The Tug-of-War Between Closed and Open Hardware
I don’t want to canonize Valve. Just three months ago, Valve announced the Steam Machine’s price at $1,049 — a figure more than a few community members called “not exactly accessible.” One HN commenter snarked: “If they’d included this screen in the base model, the pricing might actually make sense.”
But in fairness, Valve chose the harder path. Sony and Microsoft sell you a locked box — you can’t open it, can’t modify it, and swapping a hard drive risks voiding your warranty. Valve’s approach: sell you the machine, let you buy replacement parts individually, give you the chassis schematics, and now hand you the accessory design files too.

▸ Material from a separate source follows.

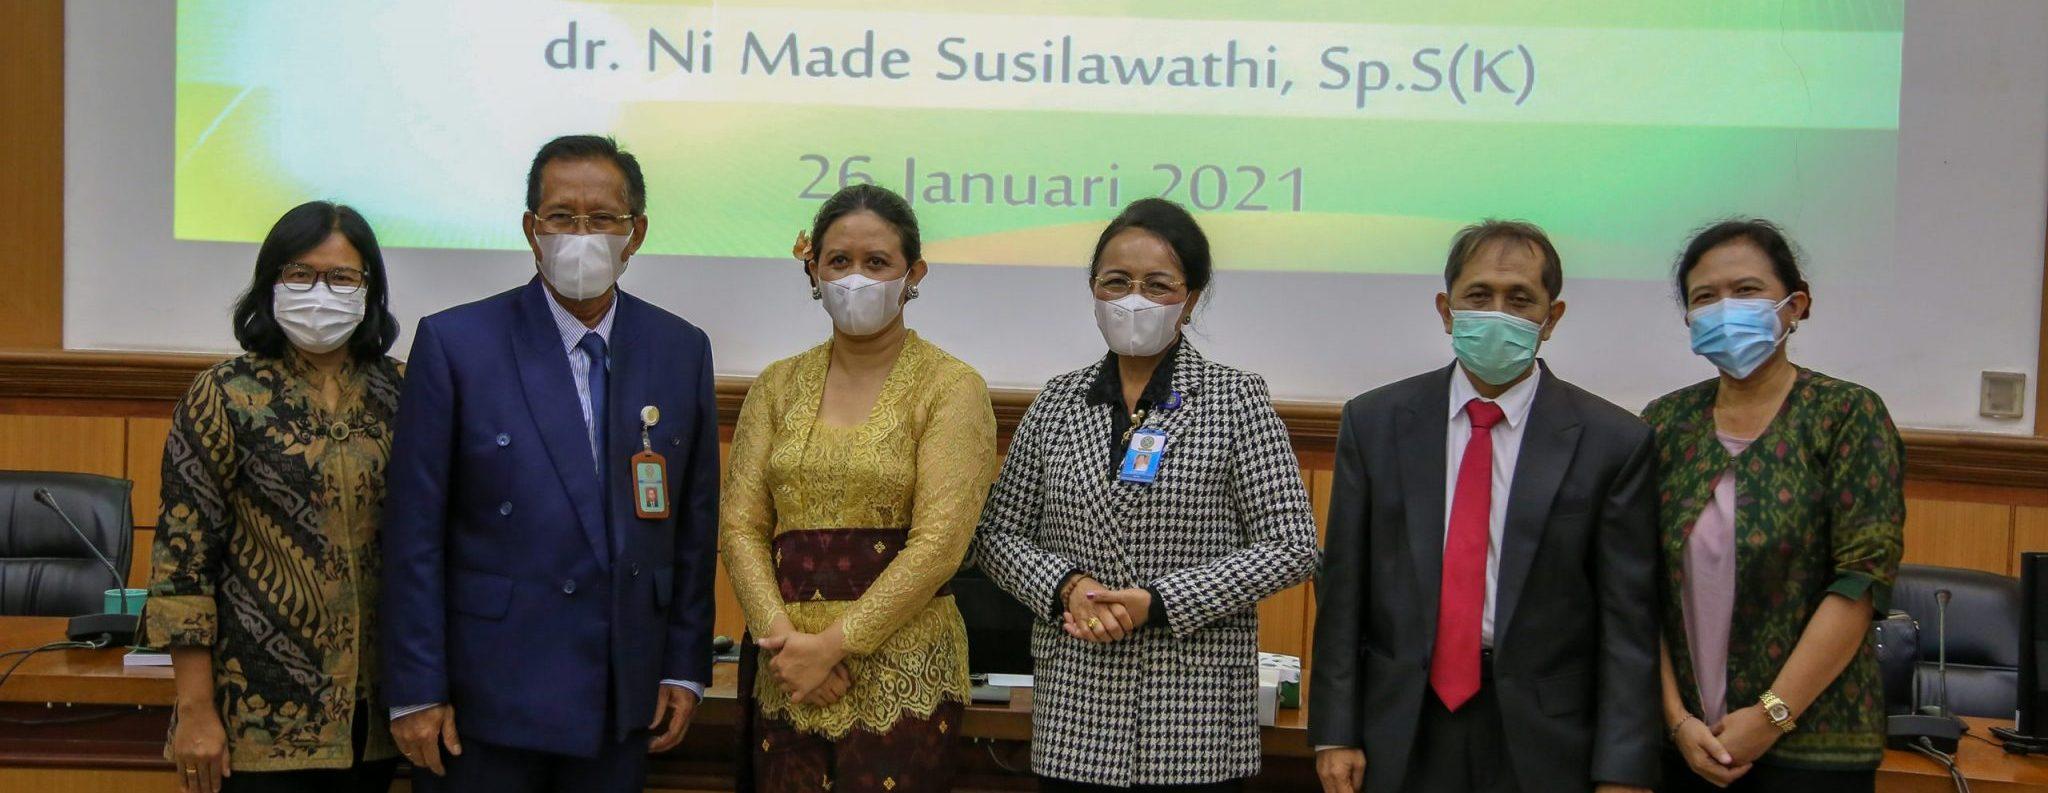 Ujian Terbuka Program Doktor dr. Ni Made Susilawathi, Sp.S(K)

This echoes the two extremes of the smartphone industry: on one side, Apple’s walled garden, where changing a battery means a bureaucratic knife fight with official support. On the other, the Framework laptop, where you can upgrade the motherboard yourself. In the games console category — traditionally the most locked-down hardware segment in consumer tech — Valve chose the second path.
Steam Machine console (Source: GamingOnLinux)
The Real Signal
Let’s zoom back in on the display itself. Its bill of materials comes to roughly $100: a 5.83-inch monochrome e-ink panel, an ESP32 controller, thirteen screws, and four magnets. At that price point, whether the accessory is open-source or not has zero impact on Valve’s financials.
But the signal is unmistakable: Valve doesn’t just want to sell you a machine. It wants you to have every freedom after you own that machine — to open it, modify it, bolt on an e-ink display, and then share your mod with the world. Because every time you tinker, you deepen your bond with the Steam ecosystem.
A hundred dollars’ worth of blueprints, buying the future of an ecosystem. Valve has done the math.